No obstante, el tipo de artesanos que se afanaban en el burgo apunta a otro elemento
relevante: el inicio de una red productiva integrada por pequeñas poblaciones y provista
de un mercado campesino compuesto por las aproximadamente diez mil personas que
habitaban en las regiones circunvecinas. ¿Quién si no habría de encaminarse a
Stratford? Tanto las personas ricas como los obispos, condes o miembros de la alta
burguesía local habrían optado por hacer las compras (o por enviar a alguien con tal fin)
a las grandes ciudades más próximas —es decir, a Coventry o a Bristol, dos de las cinco
mayores urbes de Inglaterra—, ninguna de ellas tan lejanas. La aparición de artesanos
en Stratford —y en otras muchas poblaciones de pequeño tamaño, que en este sentido
son los indicadores más significativos de la puesta en marcha de un nuevo proceso—,
constituye por tanto una clara señal del inicio de la inminente transformación de la
economía mercantil, esto es, de los comienzos de la producción urbana destinada a
satisfacer las necesidades de la gran masa demográfica, y no solo las de las élites —y a
la inversa, el arranque de un hábito inédito entre los campesinos: el de adquirir la ropa
(dado que el sector textil es el más importante de cuantos vemos surgir en este contexto)

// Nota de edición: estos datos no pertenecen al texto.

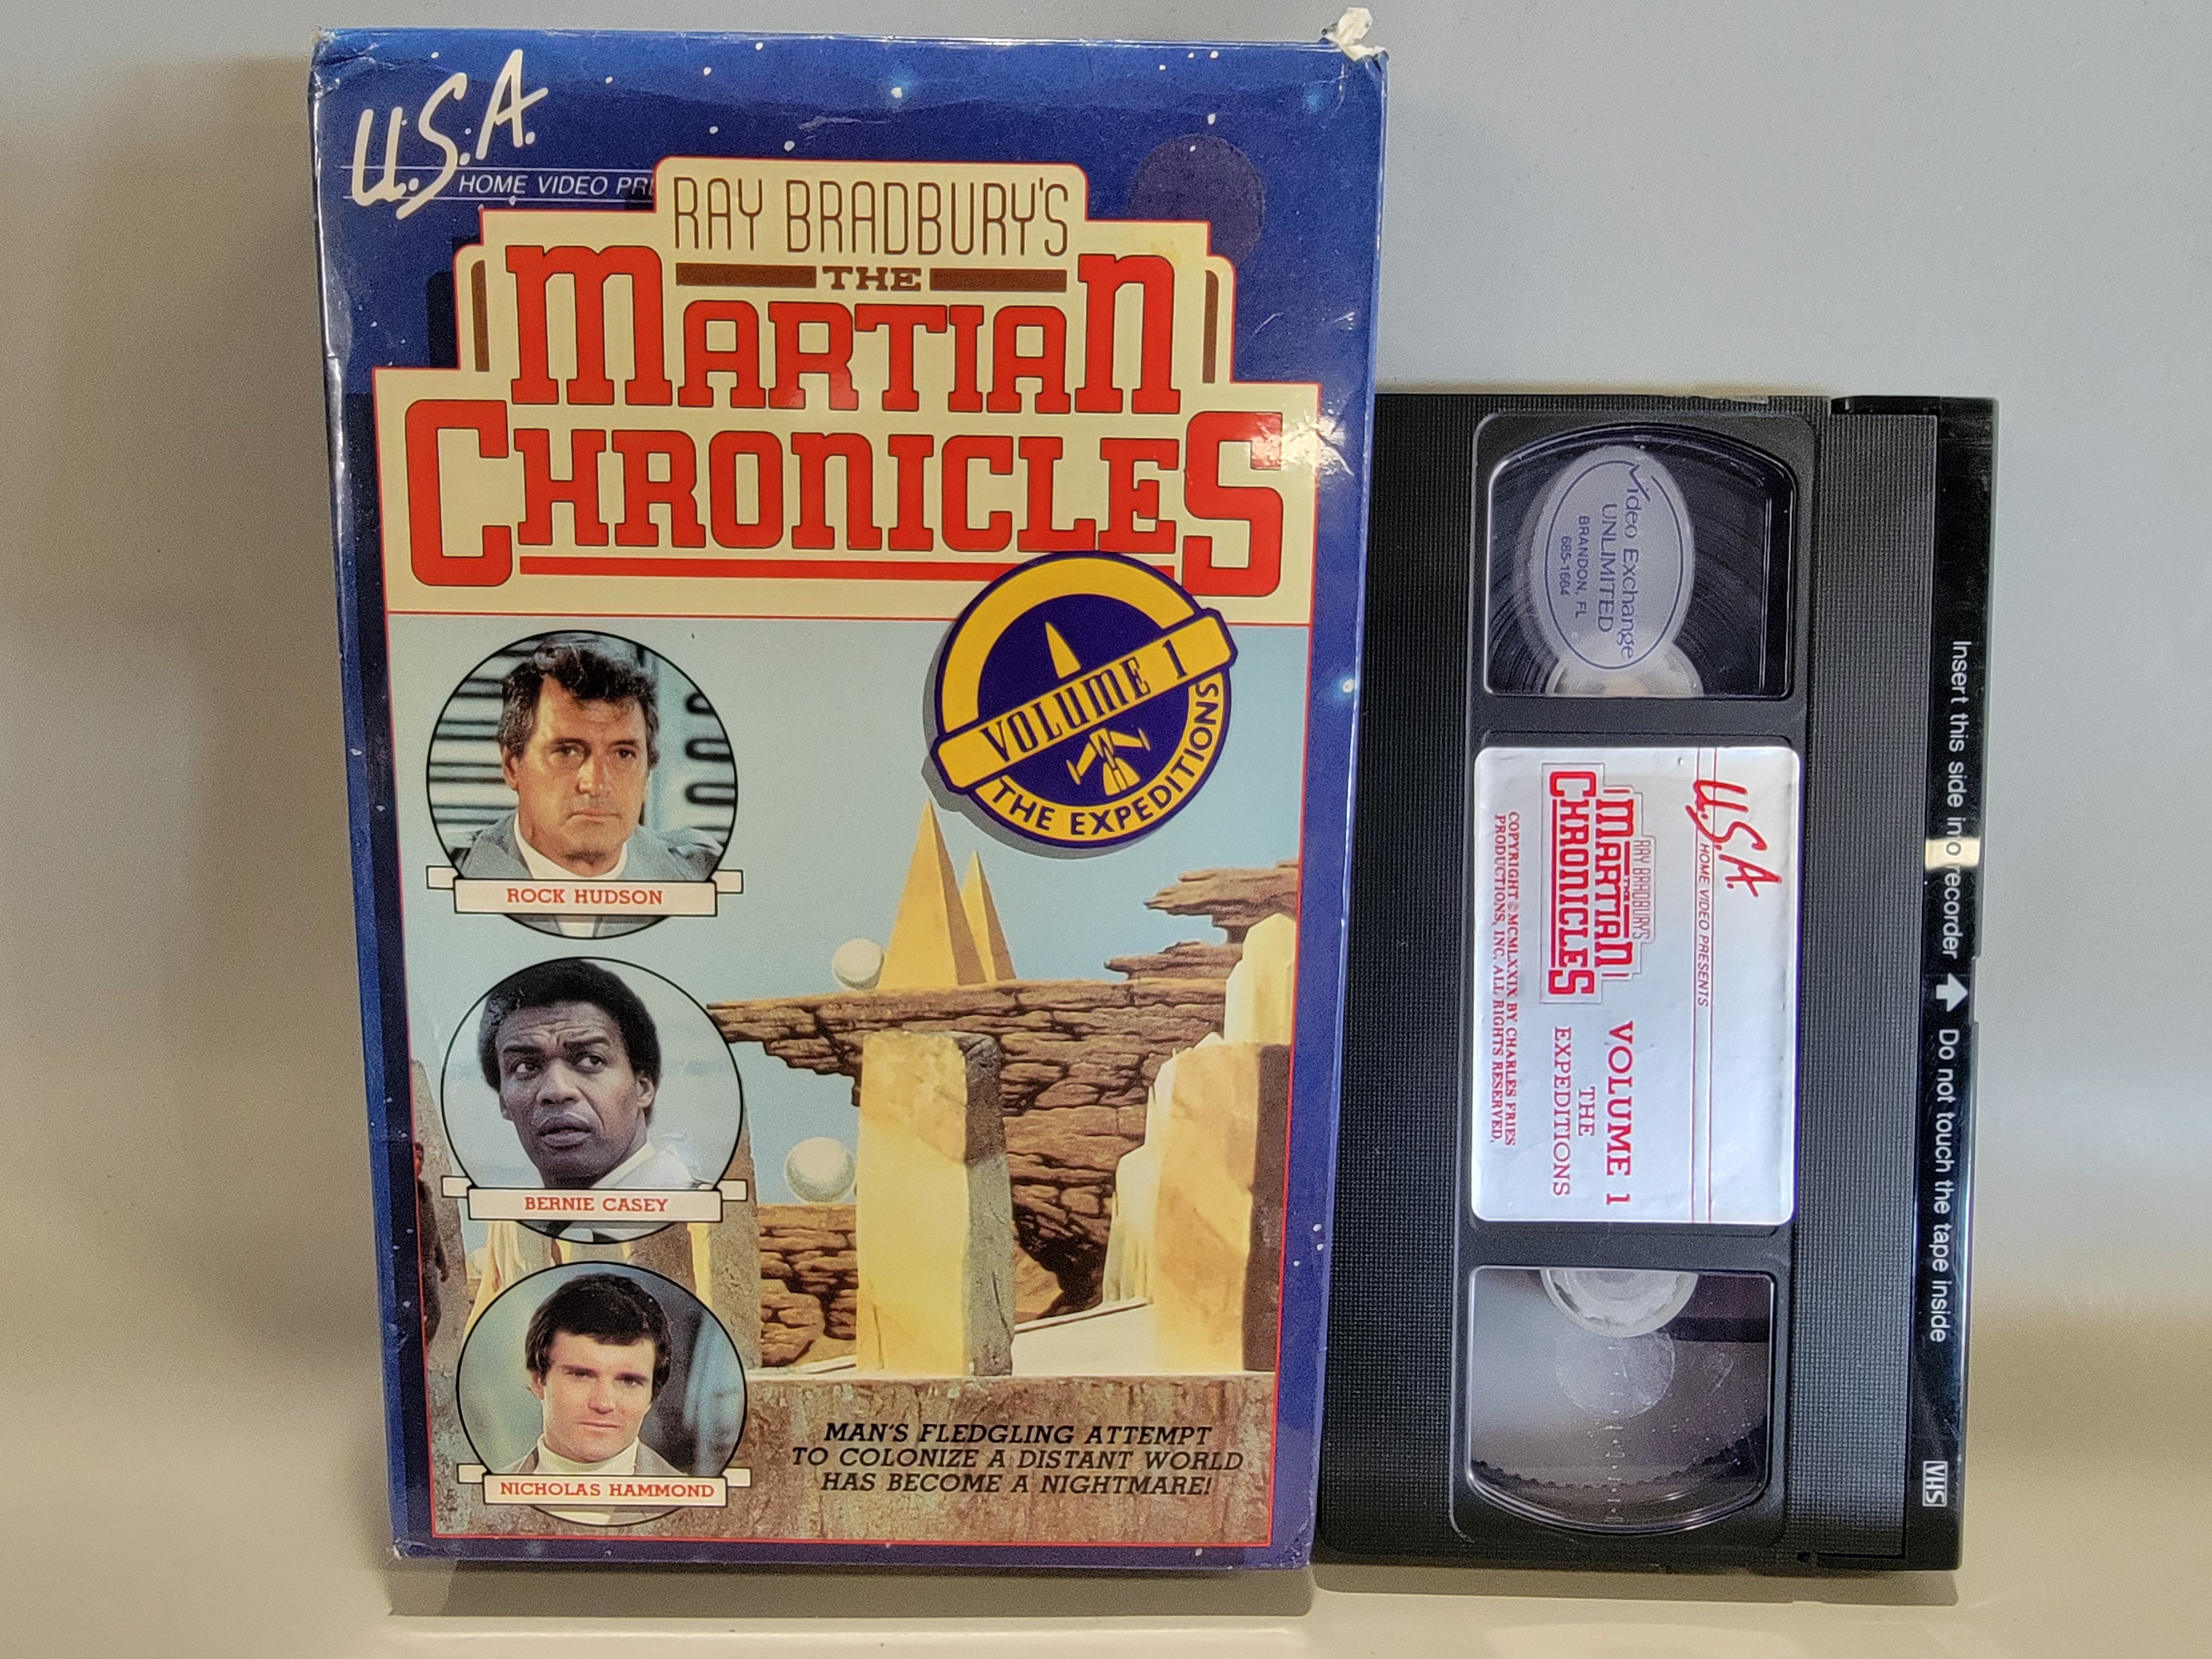 THE MARTIAN CHRONICLES VOLUME 1: THE EXPEDITIONS VHS [USED]

en lugar de usar únicamente la tejida por ellos mismos—.
El otro nivel económico y geográfico era el del comercio a larga distancia que
conectaba a Flandes con Italia y a ambas regiones con otras situadas todavía más lejos.
Este plano de desarrollo acabaría mostrando un elevado grado de complejidad. Hacía
tiempo que existían en la periferia de Europa dos grandes redes marítimas: la
mediterránea y la del mar del Norte. Pero la magnitud y la densidad de los fletes se
expandió en una y otra en el XI. Para esa fecha se abrirán importantes centros de
distribución en Constantinopla, Alejandría (y El Cairo, algo más hacia el interior),
Palermo, Almería y Venecia, por lo que hace al Mediterráneo; así como en Londres y
Brujas, además de los puertos fluviales situados tierra adentro en el curso del Rin, como
Colonia, en lo tocante al mar del Norte. Por esta época, las rutas también se expanden
hacia el exterior, sobre todo a través del Báltico, saltando primero de puerto en puerto
por el litoral de lo que hoy es Alemania y Polonia y propagándose después a lo largo de
los grandes ríos rusos, pasando por Nóvgorod y Kiev, hasta llegar una vez más hasta
Constantinopla. Por otra parte, la rápida industrialización de Flandes y el norte de Italia
estimularía asimismo la creación de una red de rutas terrestres más directas, que
llegarían a cruzar incluso los Alpes, lo que es una hazaña nada desdeñable. En el siglo
XII, los comerciantes italianos y flamencos se encontraban aproximadamente a medio
camino de ambas regiones, en la Champaña, celebrando en ella seis importantes ferias
anuales que, organizadas con verdadero espíritu emprendedor por los condes locales,
terminaron convirtiéndose en el siglo XIII en otros tantos centros de distribución
añadidos de ámbito europeo. Los productos de Europa y otras áreas geográficas más
distantes se intercambiaban tanto en las ferias de la Champaña como en otros puntos
situados a lo largo de las rutas que acabamos de mencionar. Podía tratarse de sedas
procedentes de Bizancio y Siria; de lino y azúcar de Egipto; de pimientas y otras
especias llegadas del océano Índico; de los mejores tejidos de lana de Flandes e Italia;
de armas fabricadas en Milán; o de pieles trabajadas en Rus. Al aumentar la
complejidad de los sistemas de intercambio, el establecimiento de acuerdos crediticios a
larga distancia, apalabrados en la Champaña u otros lugares, acabó evolucionando y
dando pie al surgimiento de la actividad bancaria, en la que las poblaciones de la
Toscana, con Lucca y Florencia al frente, lograrían especializarse.